December Issue 2001
Hodges Taylor Gallery in Charlotte, NC, Features Photography of Susan Page
Hodges Taylor Gallery in Charlotte, NC, continues its series of solo photography exhibitions in the Photography Room with Susan Page's Nanyori Series. The exhibition opens on Dec. 7 and continues through Jan. 26, 2002. The artist will discuss her work in an informal gallery talk at 7pm on Dec. 7.
North Carolina photographer, Susan Page developed this body of work, entitled Nanyori, from her journal that she kept during a recent trip to Africa with Global Partners for Development. Global Partners, a nonprofit organization, builds partnerships between US citizens and African communities by supporting child survival and development, enabling women to improve family health and working for the end of hunger.
The title, Nanyori, comes from the Maasai name for one who is beloved. The photographer's selection of details explores the physicality of women's labor and endurance as well as the strength and spirituality of women in the Maasai culture. The series of ten Epson prints is derived from a combination of plant material and small Polaroid proofs. Page created these images in her journal as she traveled.
Upon her return, Page showed the journal to several curators who appreciated the feel of the book as it was. The photographer decided the best tool to recreate the feel of the journal was to use computer scan. Once the images were scanned the artist worked with the images in the computer, making changes to create stronger images. The journal has its own life with the flowers drying and changing color; the Epson prints are a way of freezing the journal in time, a record of the initial moment of creation when the ideas and elements are fresh. This is the artist's first project to be executed completely digitally.

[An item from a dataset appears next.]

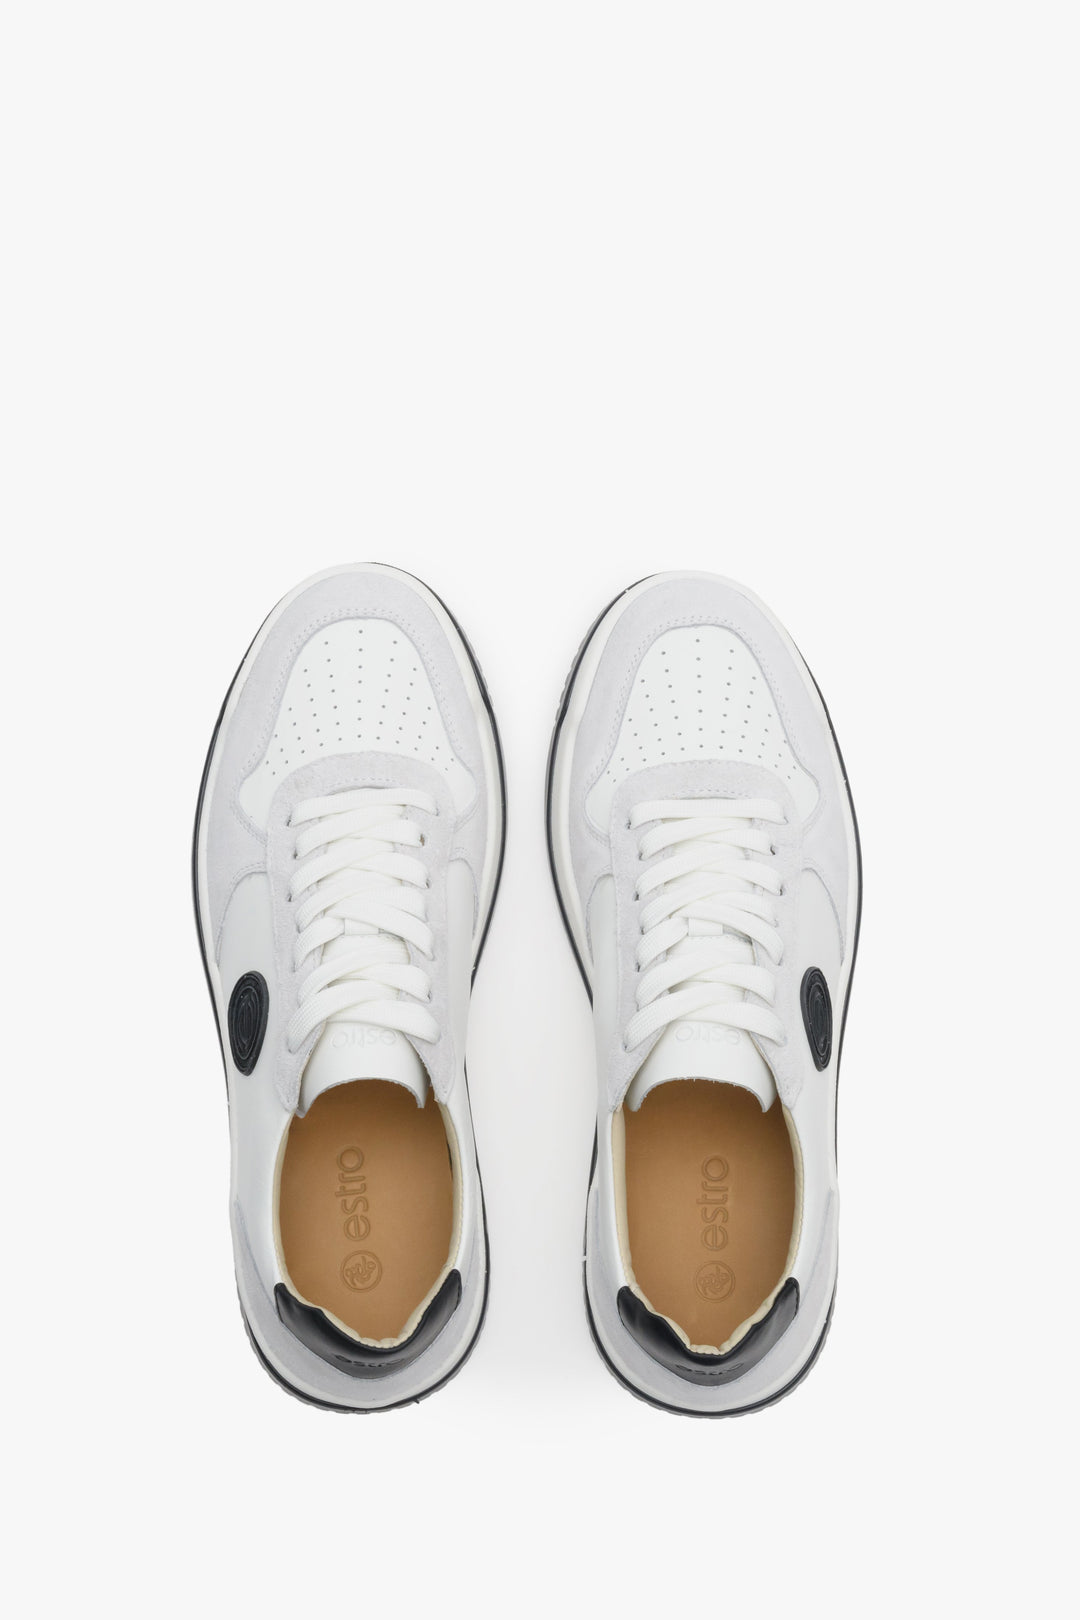 Men's grey and white leather and suede Estro sneakers for spring - presentation of the model from above.

An innovator with different photographic surfaces, Page often prints on cloth, relating the works to the veiled figures of women in some of her photographs. In other works, she distresses the negatives to create the mood she is after. Many of her images are printed in warm sepia-tones. Often, Page uses the format of the diptych to juxtapose disparate images and enhance their meaning in the new context. The "Nanyori" pieces carry Page's trademark of quiet monumental strength of forms with the use of color and combination of materials.
Page has investigated women as subject matter over the course of her career. Several years ago, she took photos of women in the mills around Belmont, NC, as well as nuns in the south of Italy followed by a series of Arab women in Israel. A recent body of work deals with the artist's own experience of breast cancer by taking self-portraits throughout the process of surgery and chemotherapy. Throughout this exploration, Page's themes of spirit and spirituality of women, the seen and unseen, remain consistent.
Also, on display during the month of Dec. is the second in Hodges Taylor Gallery's new series of fine print publications, monotypes by Raymond Chorneau, entitled Return to Paris Mountain. Phillip Garrett, master printer at King Snake Press, assisted Chorneau in the production of the second series of monotypes this fall. Other fine print publications are in the works and will be announced in the coming months.
An installation of work by renowned glass artist, William Morris, is now in the gallery in conjunction with his exhibition at the Mint Museum of Craft + Design in Charlotte. His mastery of the medium is well demonstrated by these works in the intimate setting of the gallery.